**Assignment:** Print the line containing "Abgeplatzte Recycling und", then every line after it through the end of the material, exactly as written and without pictures.

Given information Start Marker

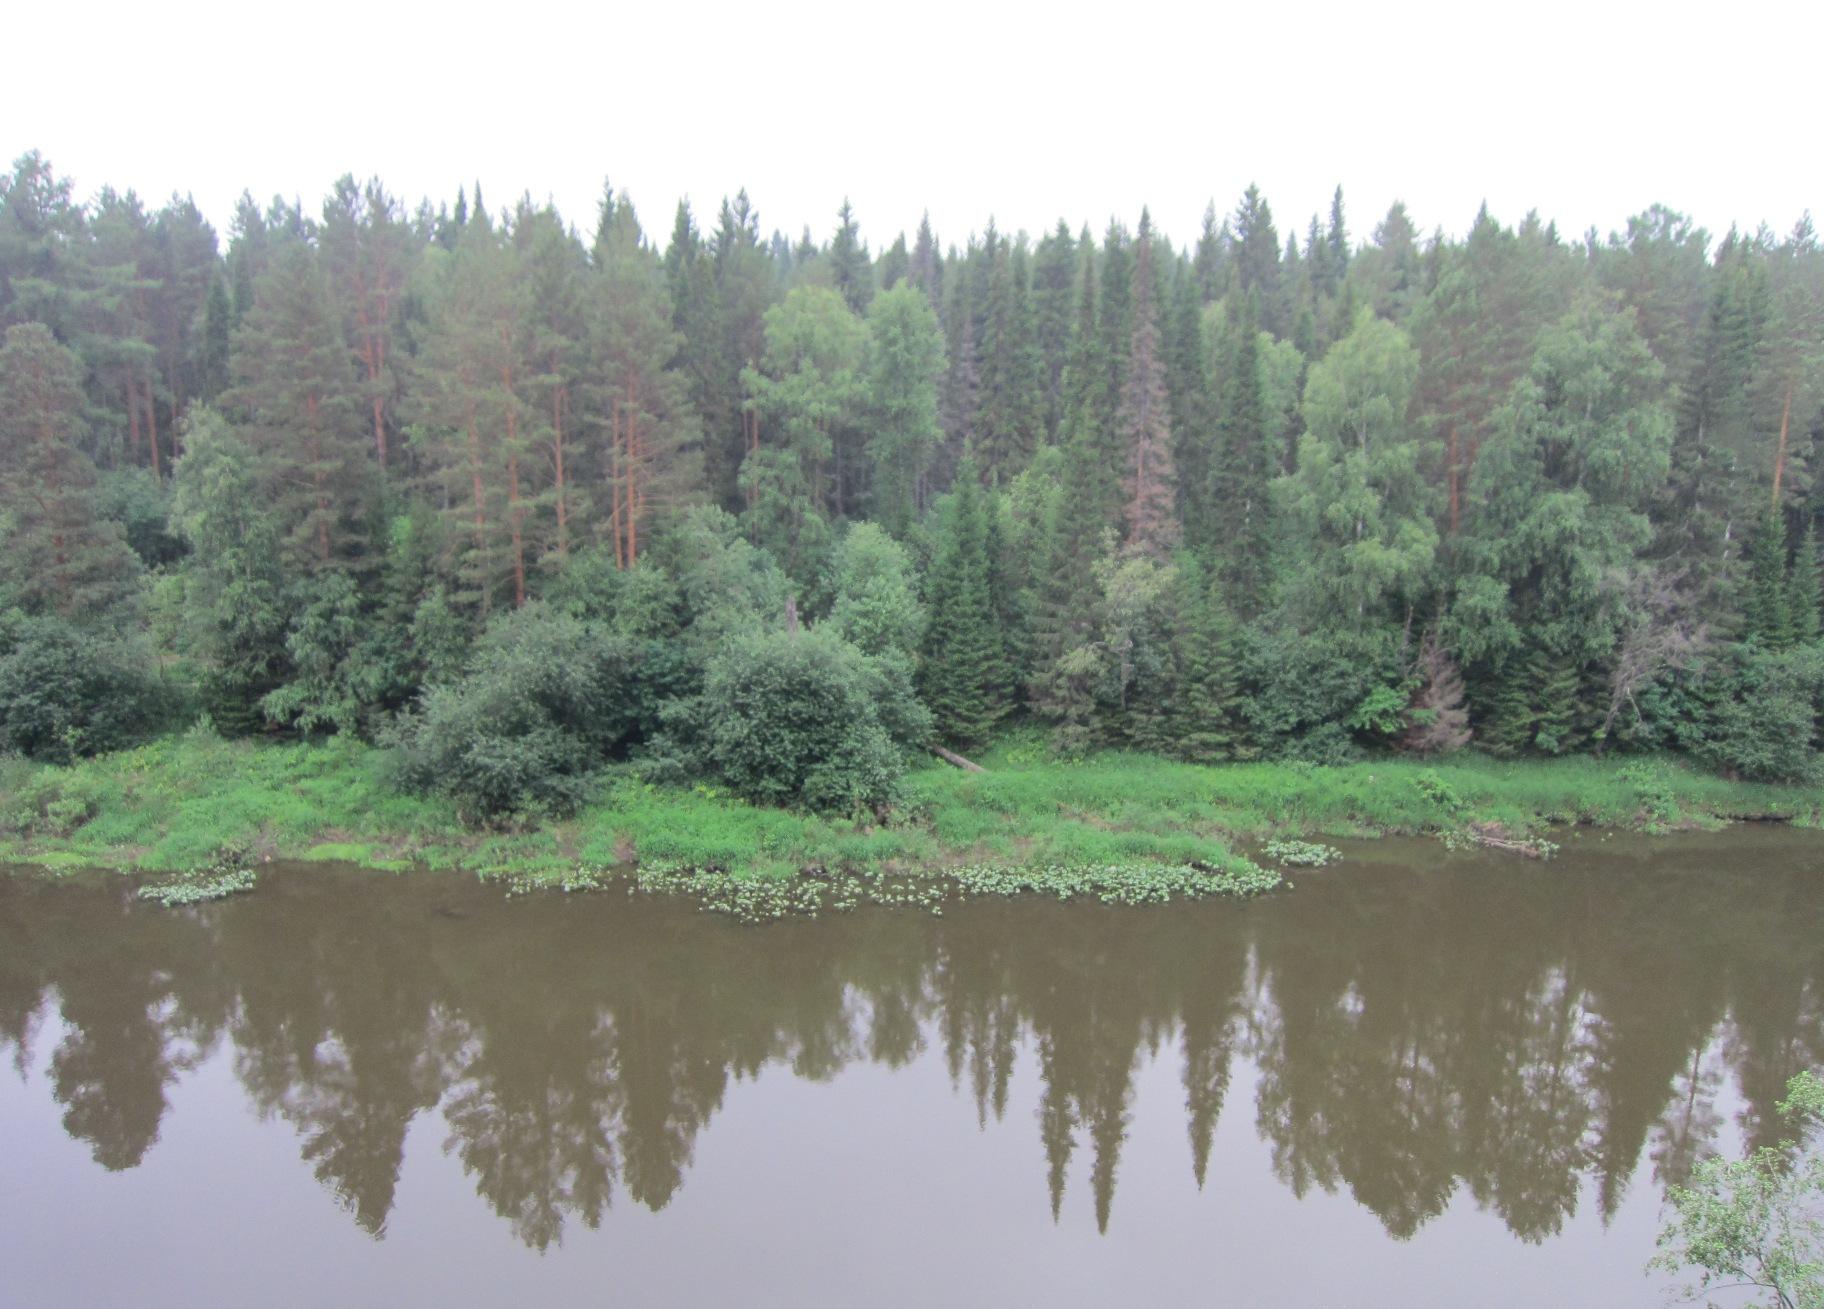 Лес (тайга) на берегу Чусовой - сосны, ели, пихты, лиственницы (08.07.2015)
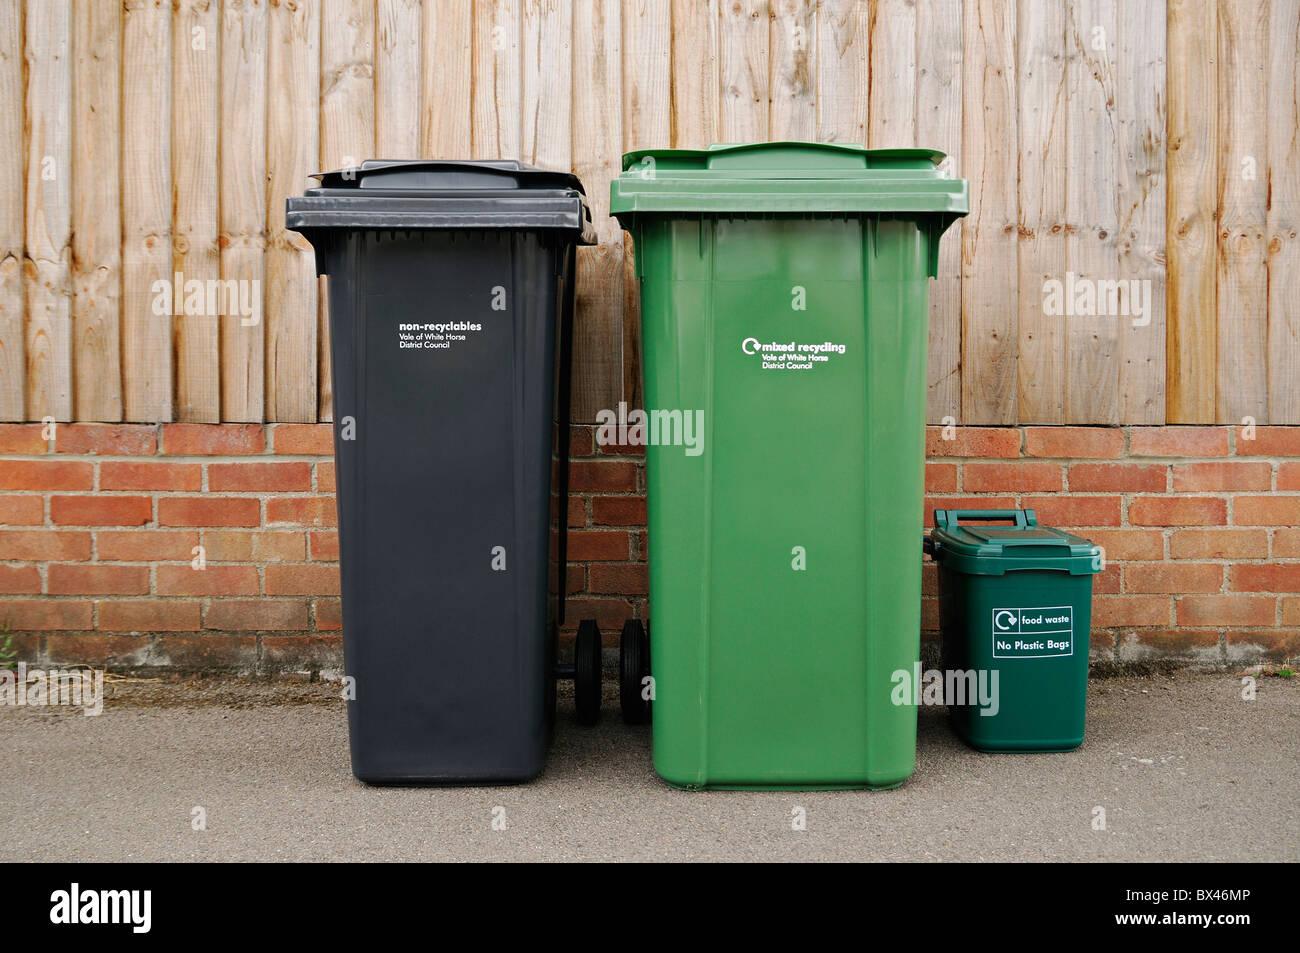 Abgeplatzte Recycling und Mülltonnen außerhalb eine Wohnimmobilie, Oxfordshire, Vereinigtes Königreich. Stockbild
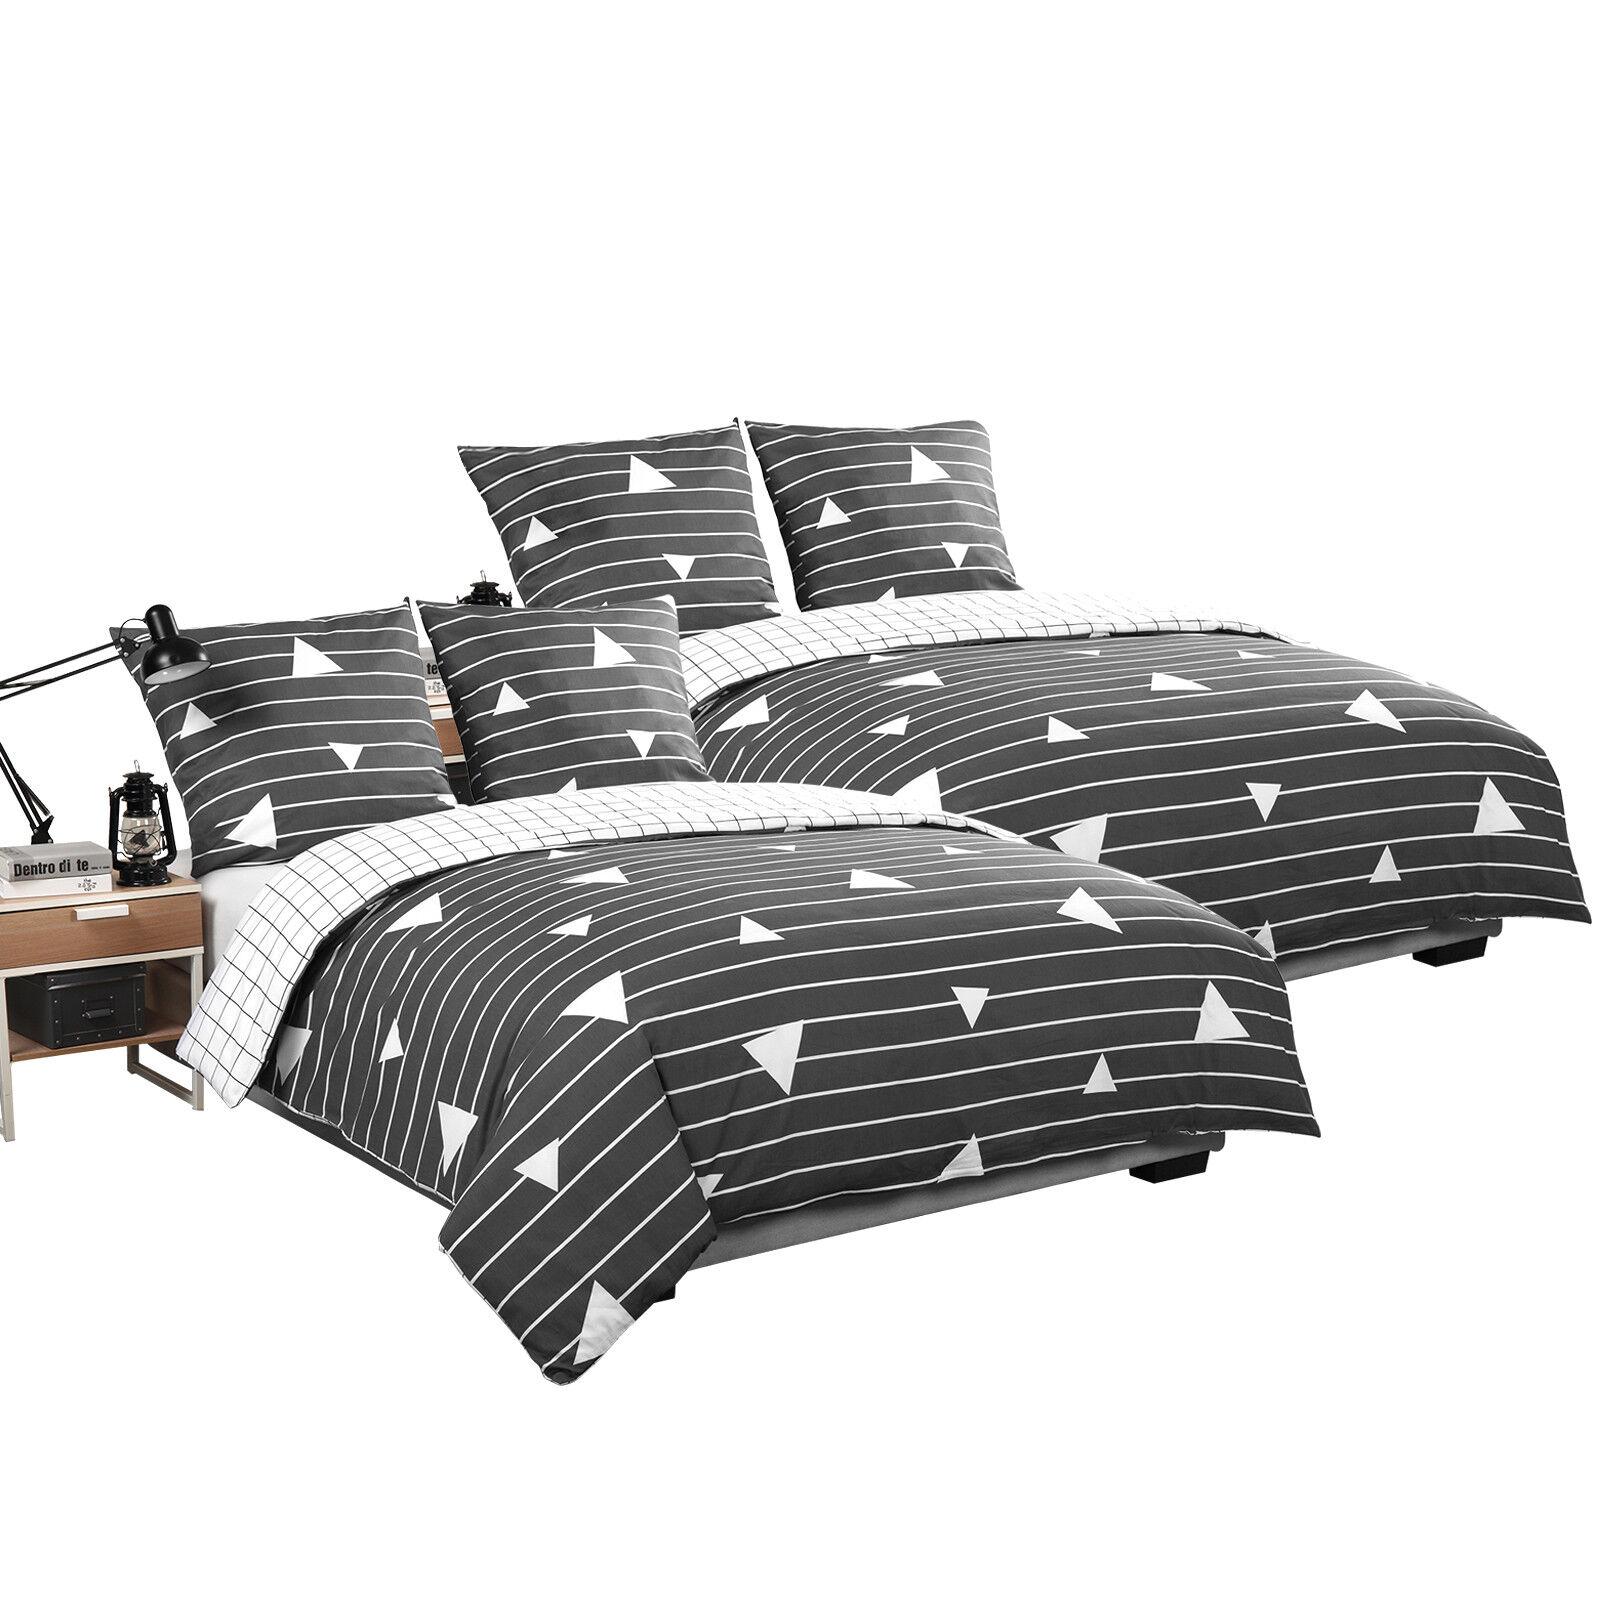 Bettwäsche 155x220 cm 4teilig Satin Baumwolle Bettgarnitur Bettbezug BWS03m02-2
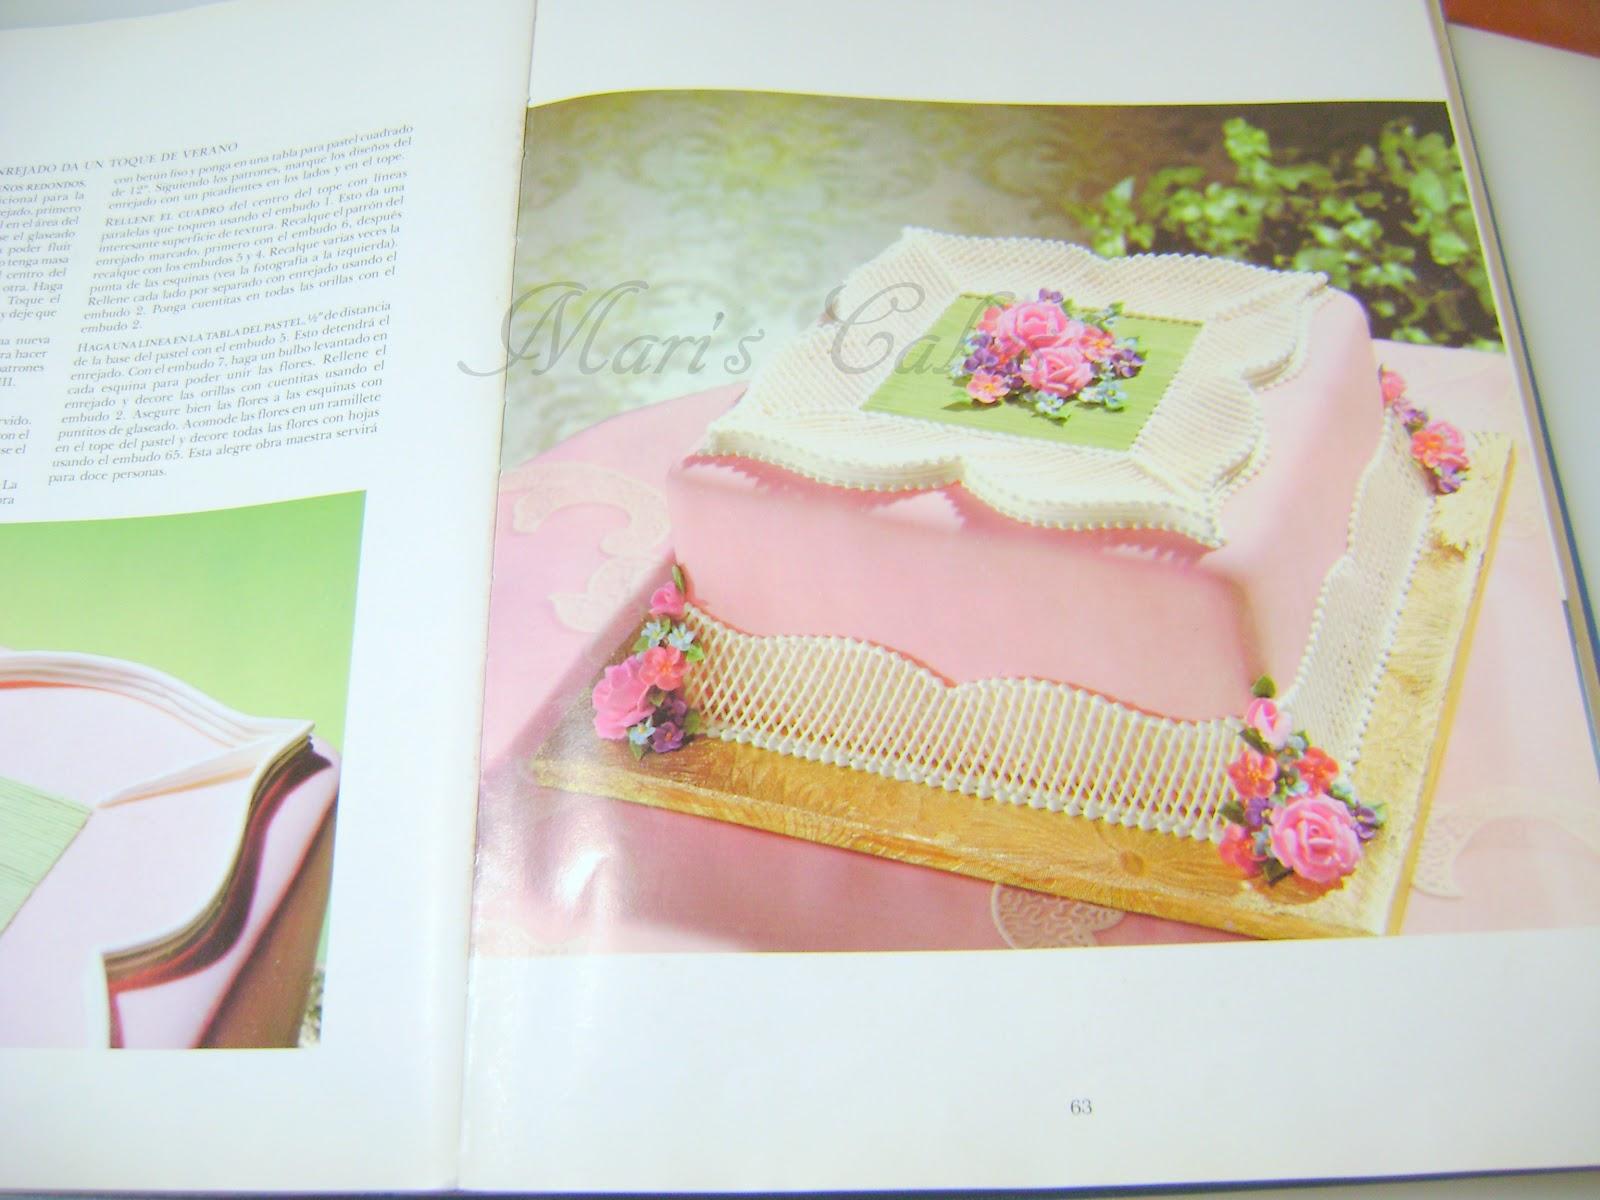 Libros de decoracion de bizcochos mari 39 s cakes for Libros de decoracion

Given information End Marker

**Task output:**
 Abgeplatzte Recycling und Mülltonnen außerhalb eine Wohnimmobilie, Oxfordshire, Vereinigtes Königreich. Stockbild
 Bettwäsche 155x220 cm 4teilig Satin Baumwolle Bettgarnitur Bettbezug BWS03m02-2
 Libros de decoracion de bizcochos mari 39 s cakes for Libros de decoracion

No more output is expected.